◆ WORK INSTRUCTION
Pictures must not appear in the copy. Set down exactly the line with "Snow ManCDアルバムDVDどこで買う？" and each line after it through the end of the data below.

◆ INFORMATION SUPPLIED
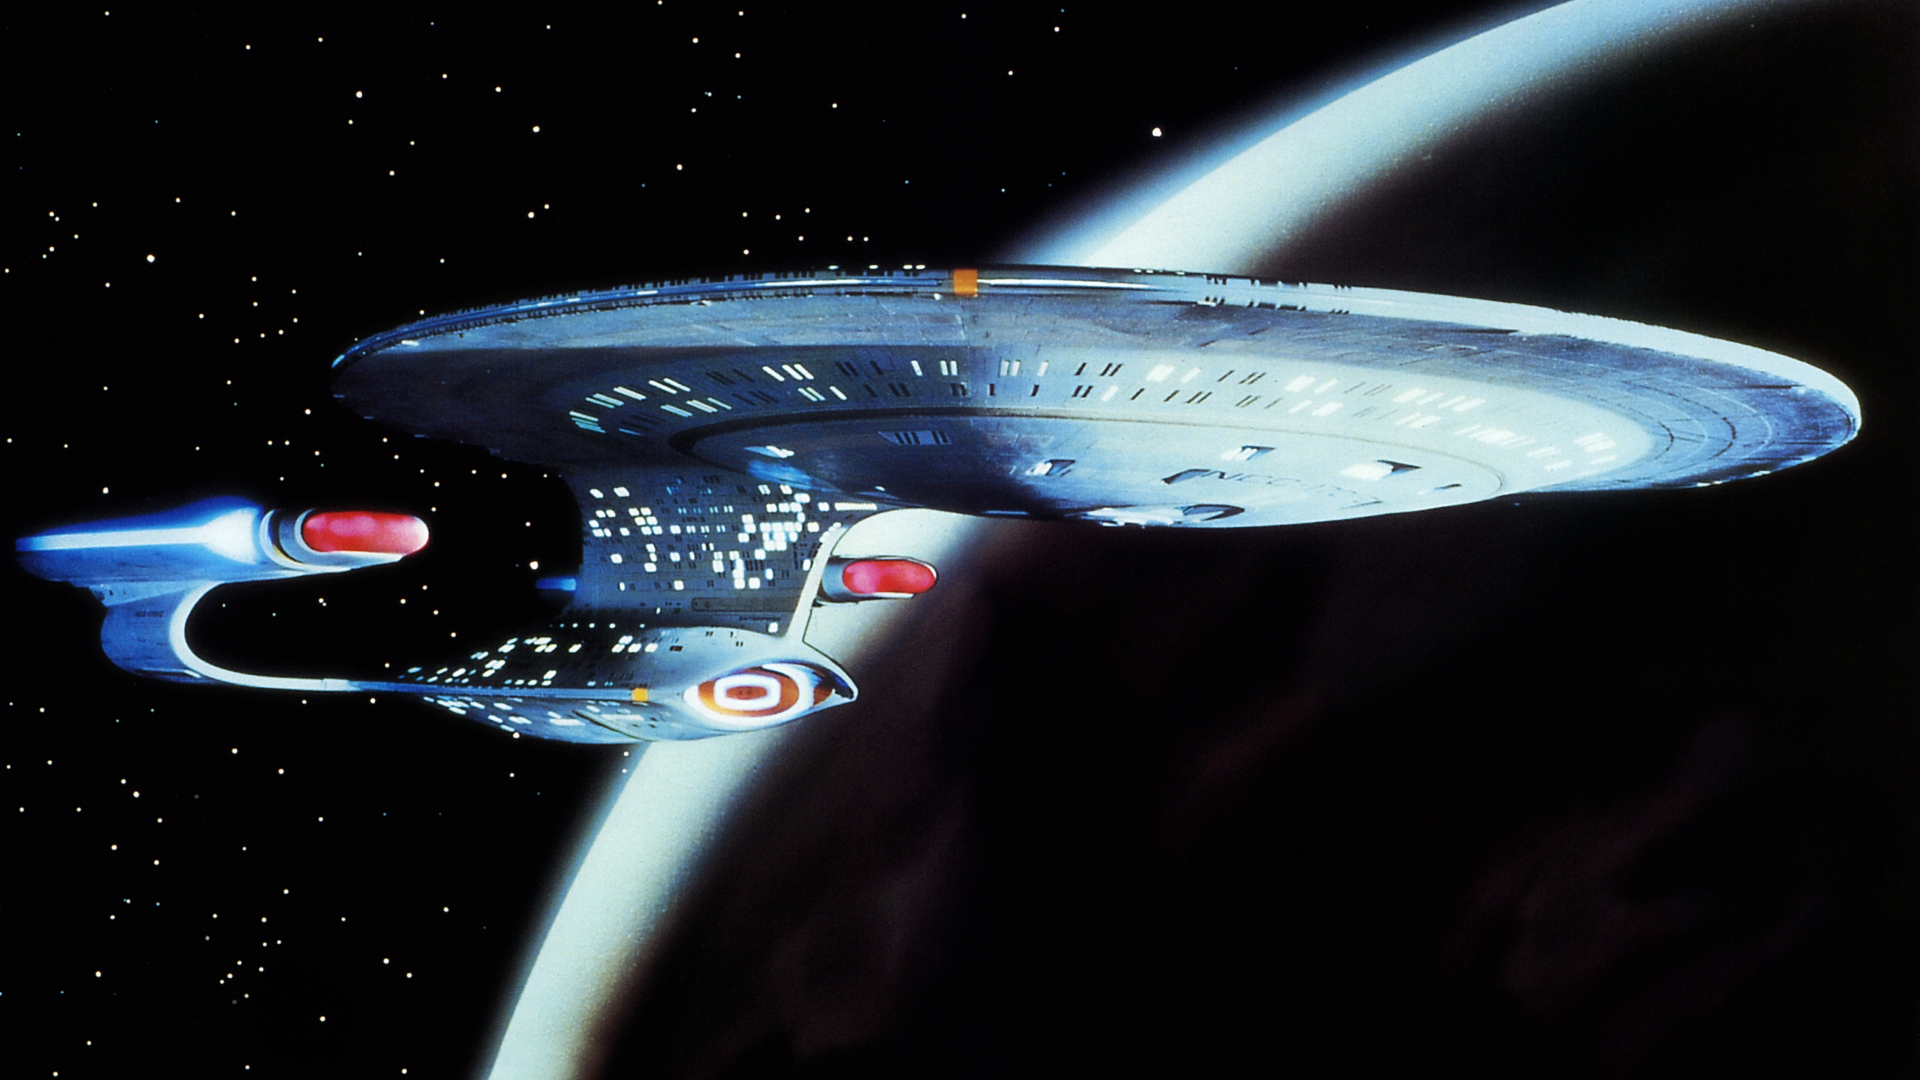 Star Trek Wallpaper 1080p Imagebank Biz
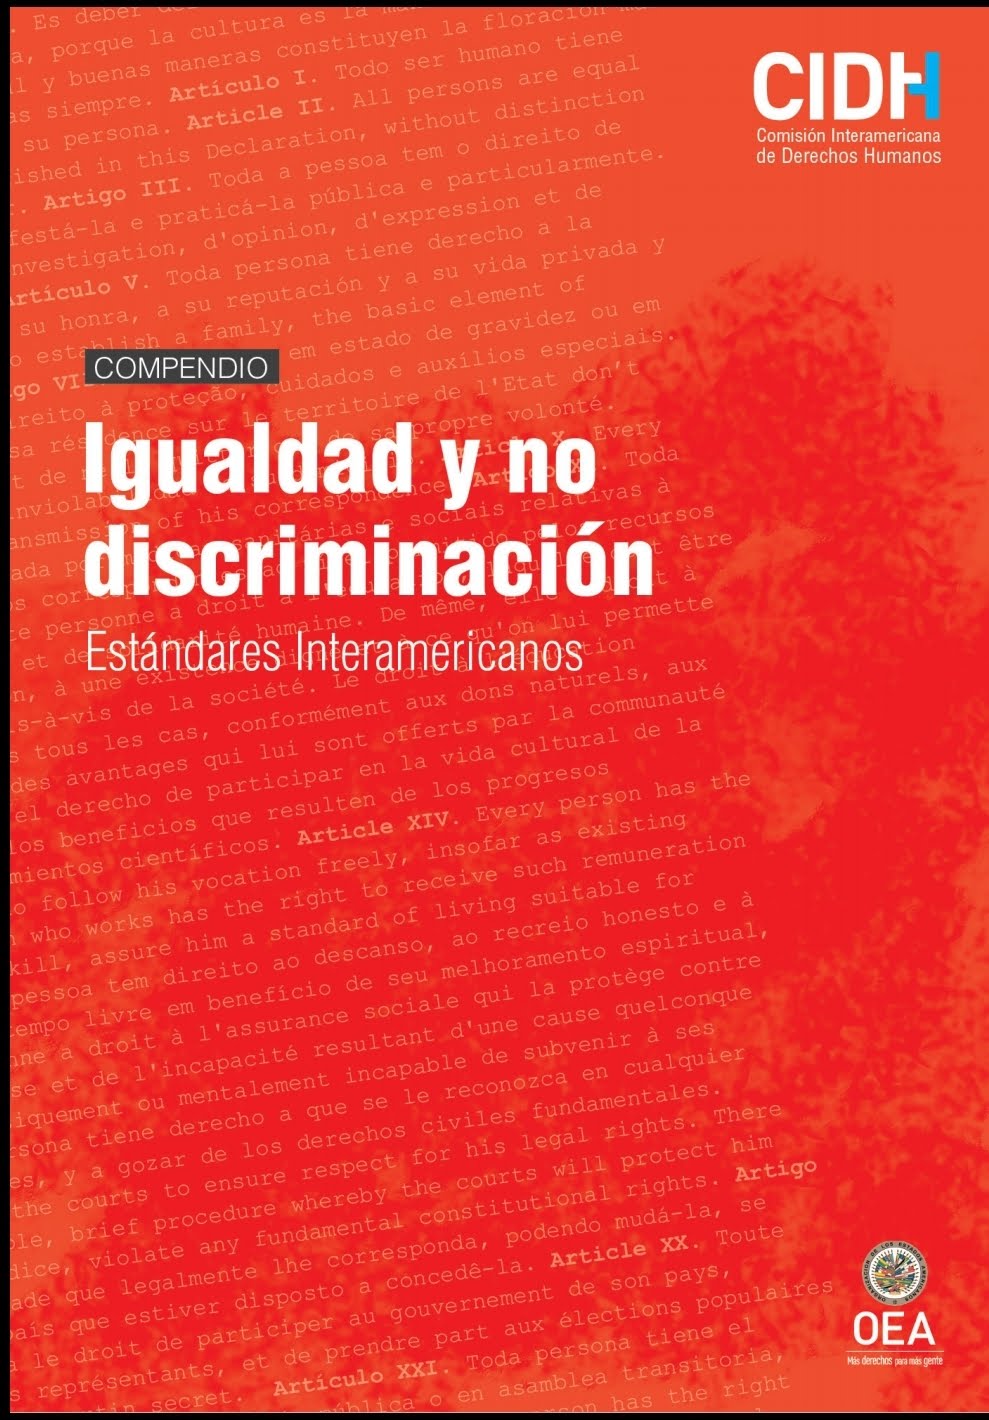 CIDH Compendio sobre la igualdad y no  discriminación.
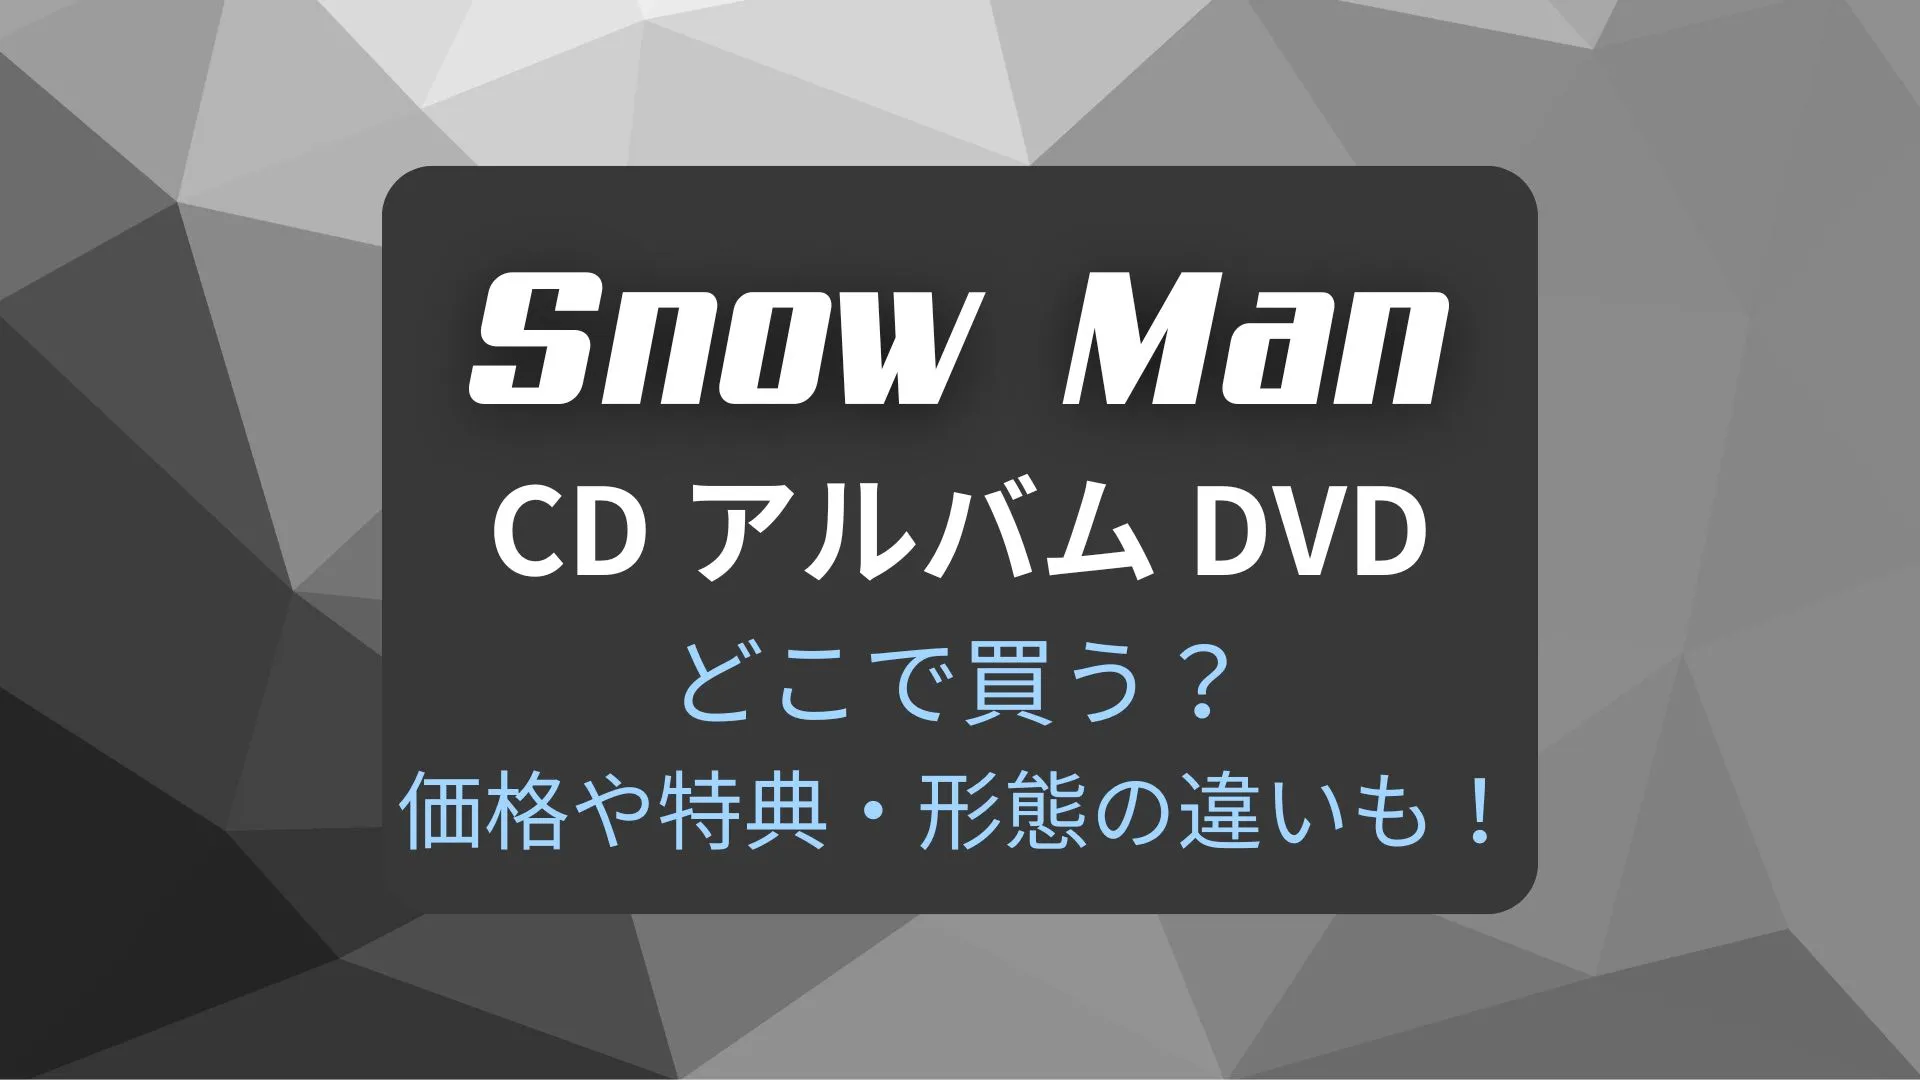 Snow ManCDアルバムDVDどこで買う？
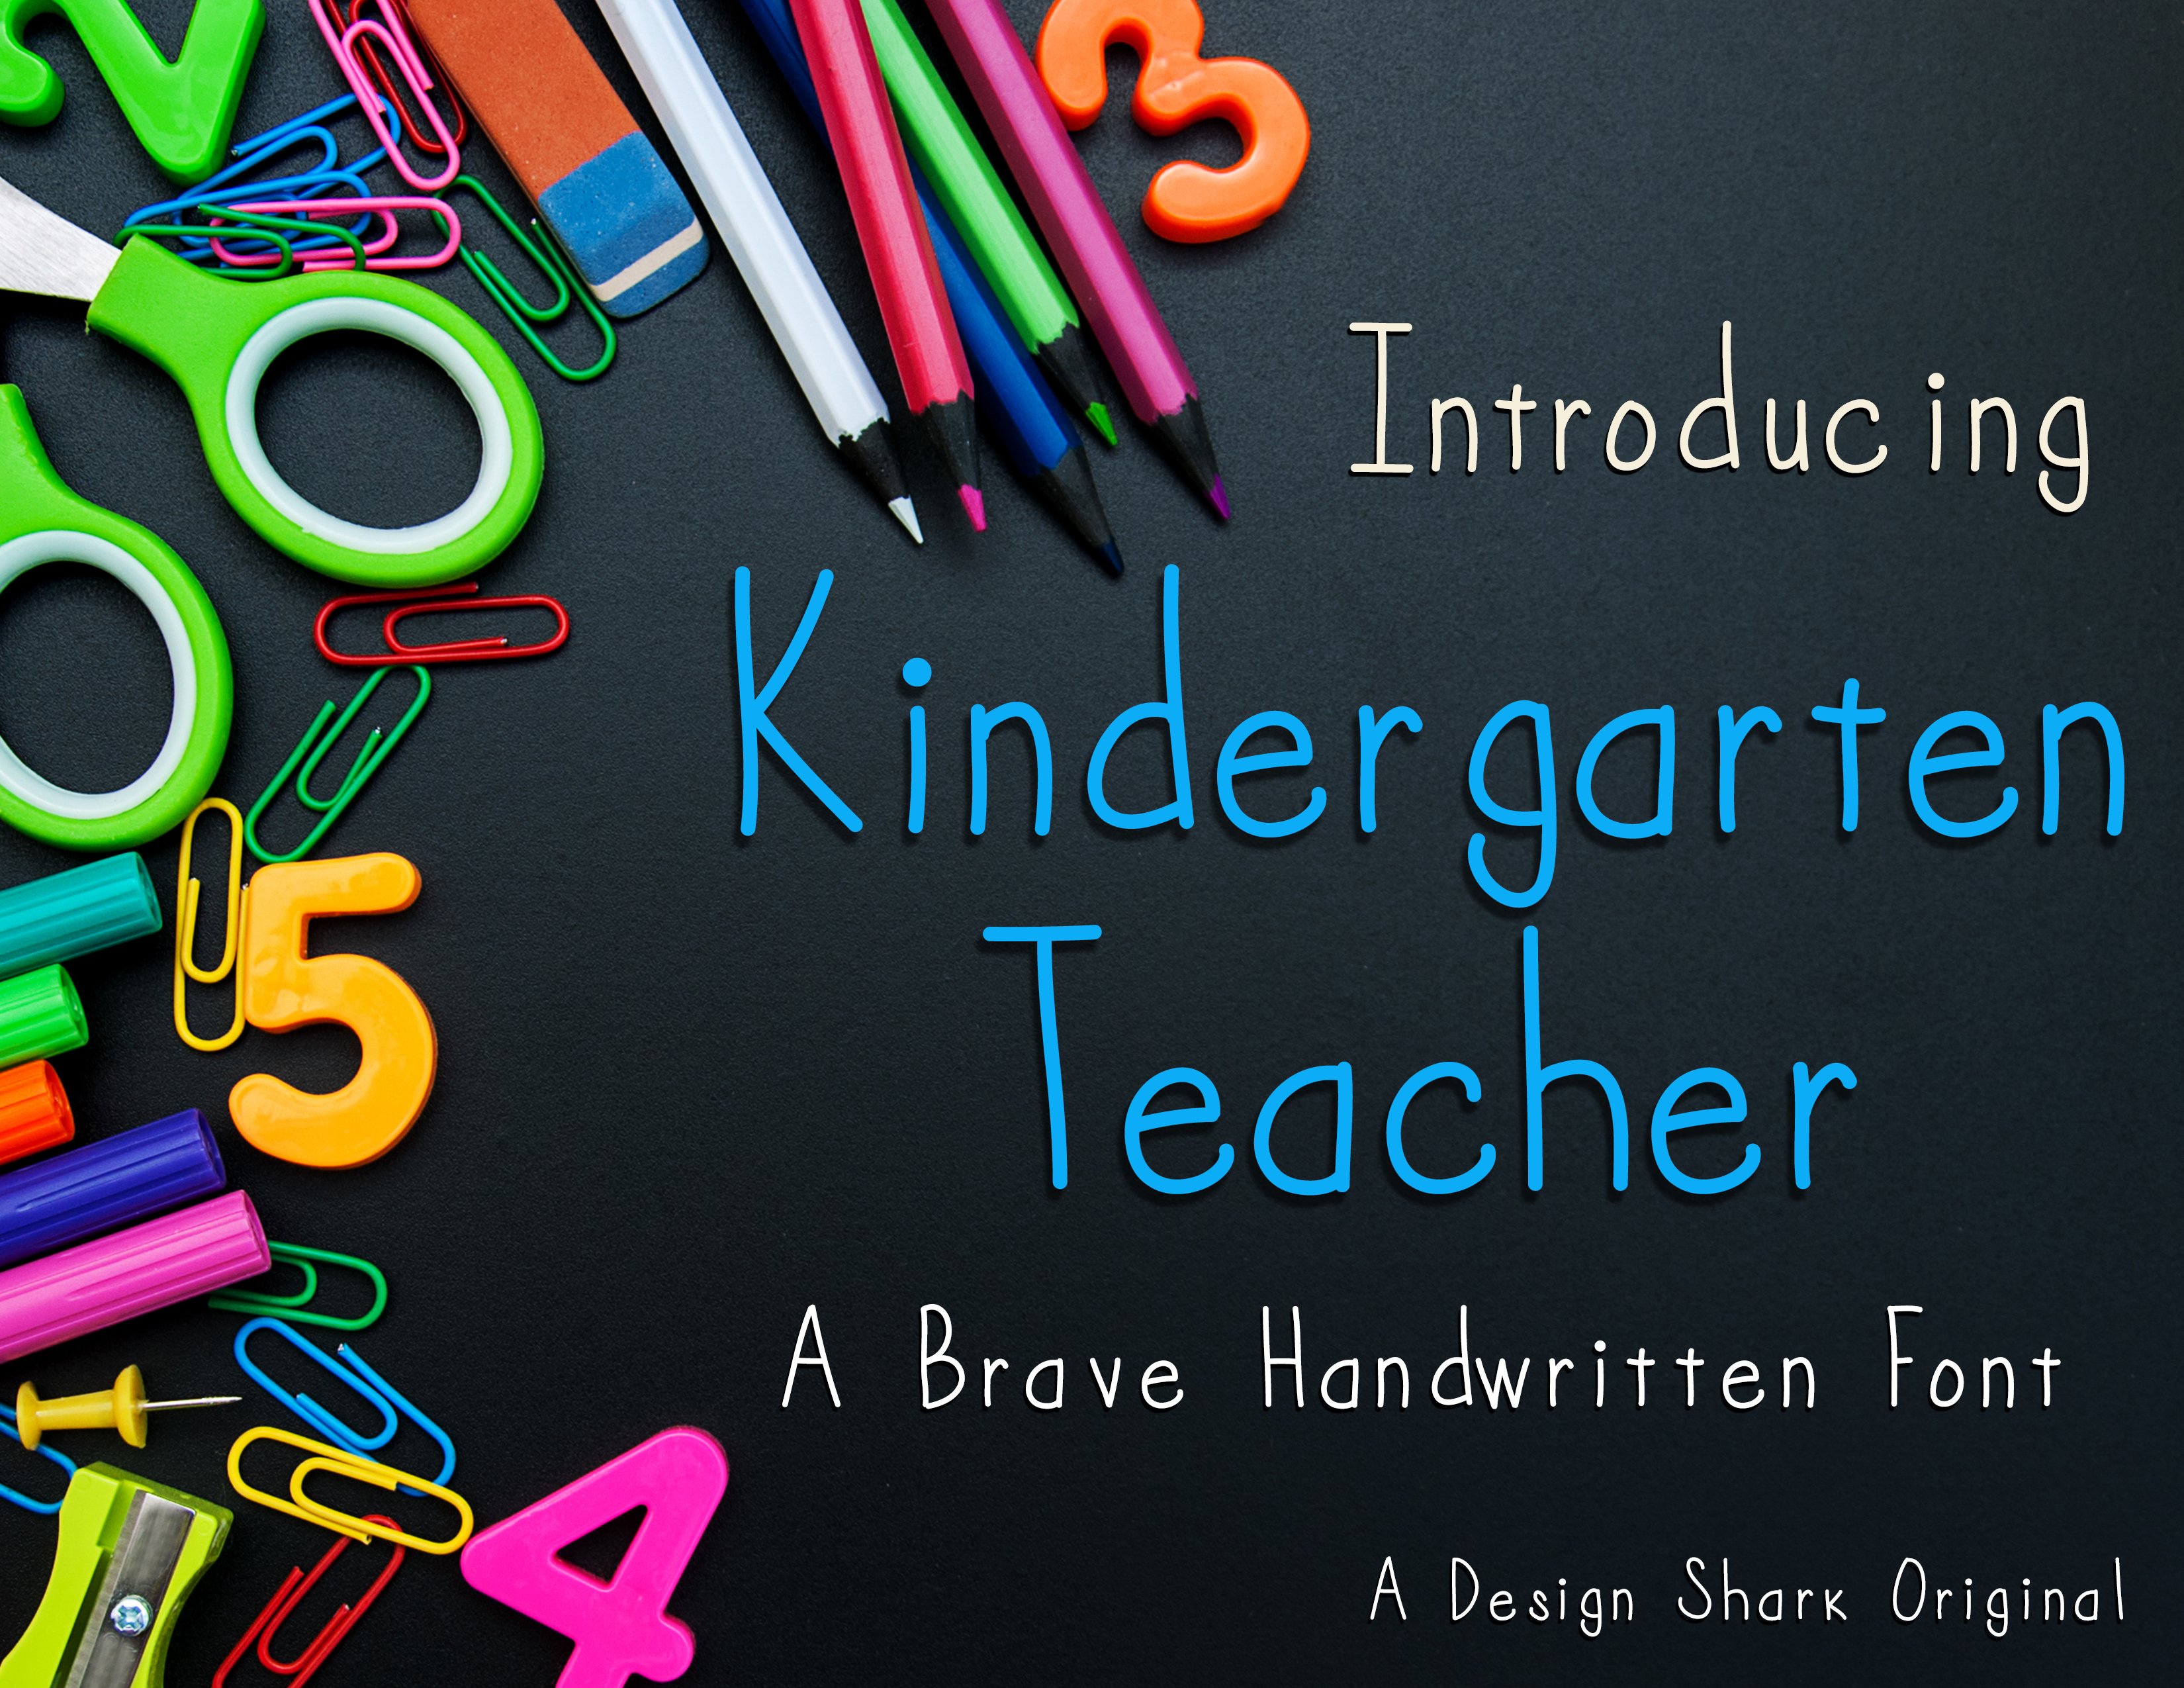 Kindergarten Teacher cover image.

◆ TASK SOLUTION
 Snow ManCDアルバムDVDどこで買う？
 Kindergarten Teacher cover image.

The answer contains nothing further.